Marketing costs money but costs you more if you do it poorly. View marketing as a return on investment (ROI), and you will feel a shift in your marketing confidence. A $500 doctor’s lunch netting one new patient is a good return. One patient reactivated from phone calls to past patients is a great return. But one patient referred by a current patient is a phenomenal return! The least stressful marketing is something you spend the least time or effort on that generates the greatest number of new patients. For reference, it is recommended that your marketing budget should be 7%–8% gross revenue.3

5. Know How You Are Going To Do It

It helps if you have a road map. There will be a lot of moving parts when installing a fully developed marketing system into your practice, so start small, start easy, and take one step at a time.

Here is a simple approach to how to install a direct access patient marketing system into your practice:

  1. Ask every current satisfied patient, on caseload or at discharge, if they know anyone they could refer. Provide them with a tool to refer that patient like a referral business card.
  2. Consider a mailing program. Send cards to your patients including birthday, anniversary, or sympathy. Start a monthly practice newsletter to educate and promote reactivation with free screens. Mail personalized, handwritten letters to patients after discharge to check on their status.
  3. Initiate an email/social media program that targets your younger patient demographic.
  4. Start a patient call-back system: 30 days, 90 days, 180 days, and 1 year follow-up calls from date of discharge. Your goal here is to check how they are doing, visit with them, and encourage a free screen if appropriate.
  5. Have a patient appreciation event at your clinic. The atmosphere should be mainly about food, drinks, fun, and hospitality with the intent of building deeper relationships with your past patient base. The less you “push” the more you will “pull” when it comes to reactivating patients from the event.
  6. Install an organization system for scheduling, timing, details, budgeting, and automation of these five patient programs. This step is what actually establishes the marketing “infrastructure” in your practice and holds it in place.

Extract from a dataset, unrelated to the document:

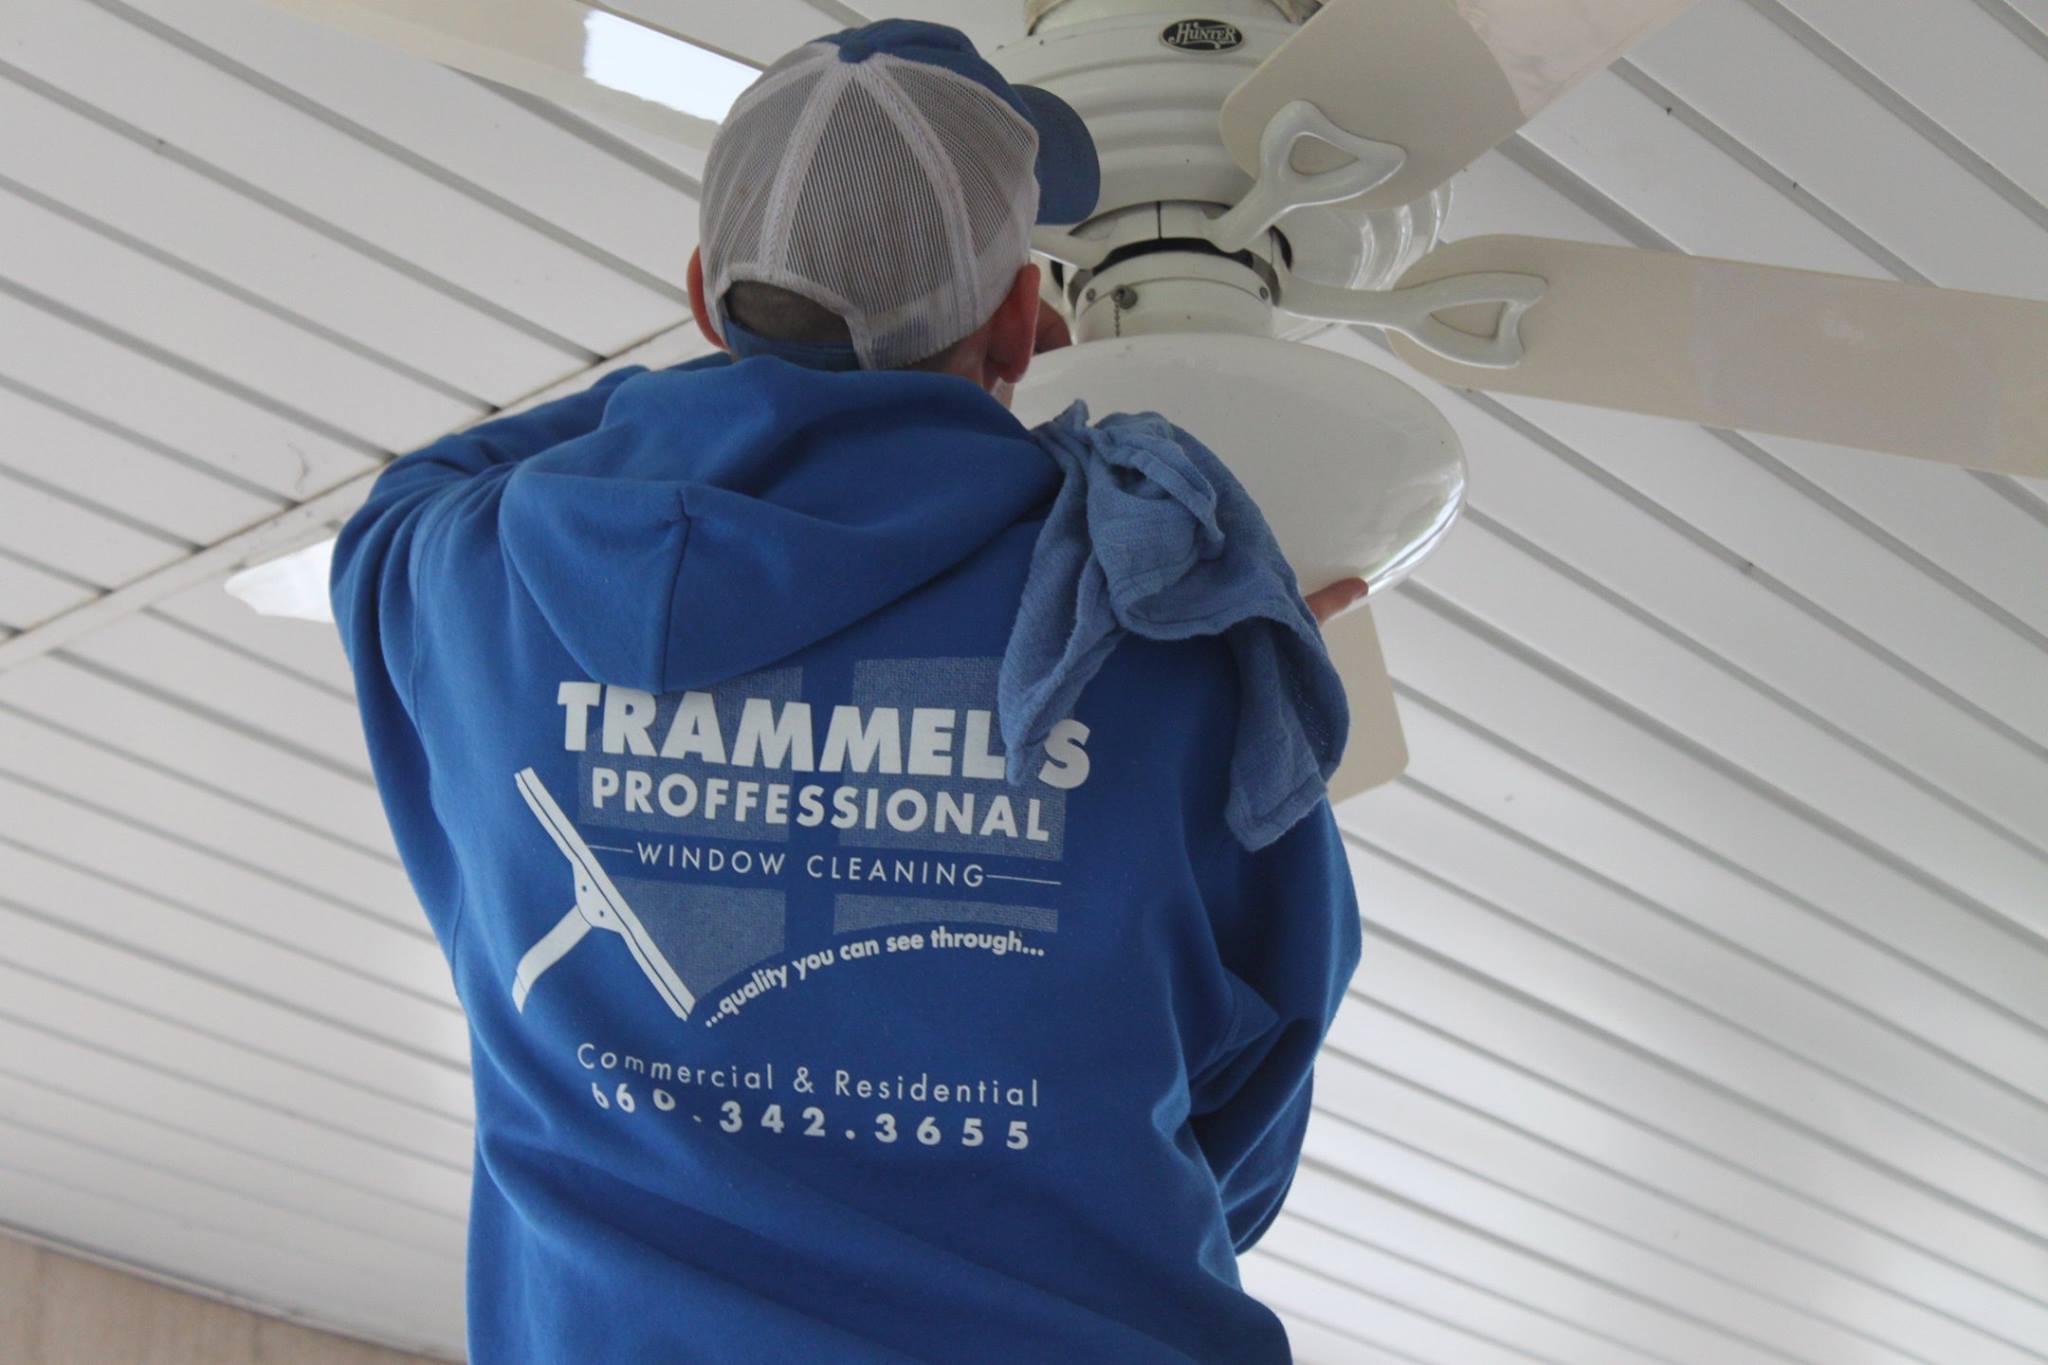 Trammel's Professional Window Cleaning
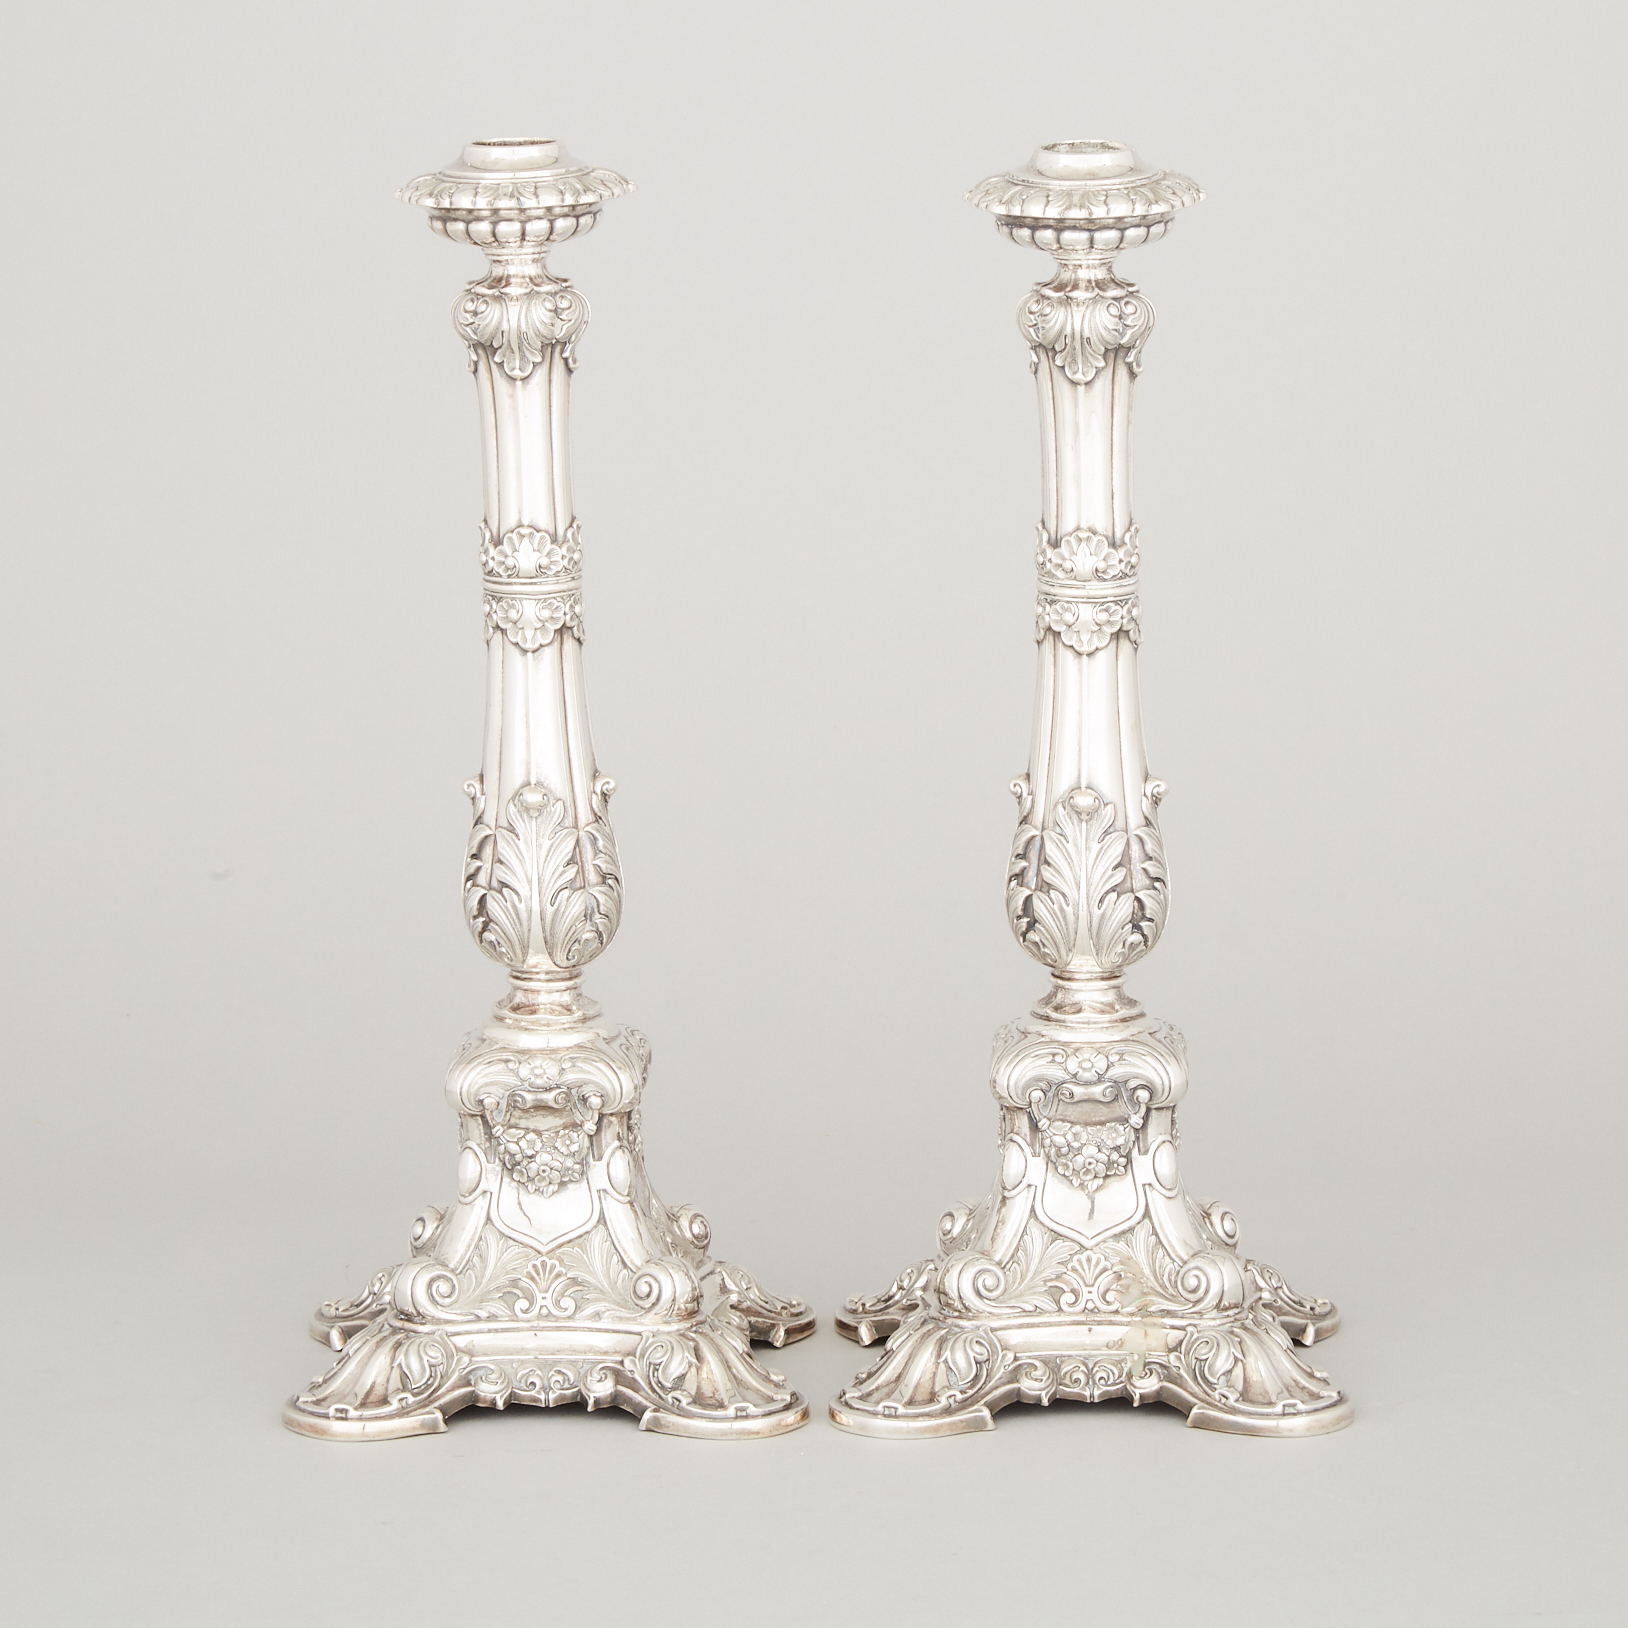 Pair of German Silver Table Candlesticks, Sackermann, Hessenberg & Co., Frankfurt, mid-19th century

Congratulations! You have just installed a marketing system into your practice. The physician, patient referral, and general public programs can be installed by following a similar format.

References:

1McLeod SA. What is the stress response. Simply Psychology. 2010.

2Willcocks L. & Lester S. (1996). Beyond the IT productivity paradox. European Management Journal, 14(3), 279-290.

3Beesley C. How to set a marketing budget that fits your business goals and provides a high return on investment. SBA.org. 2013.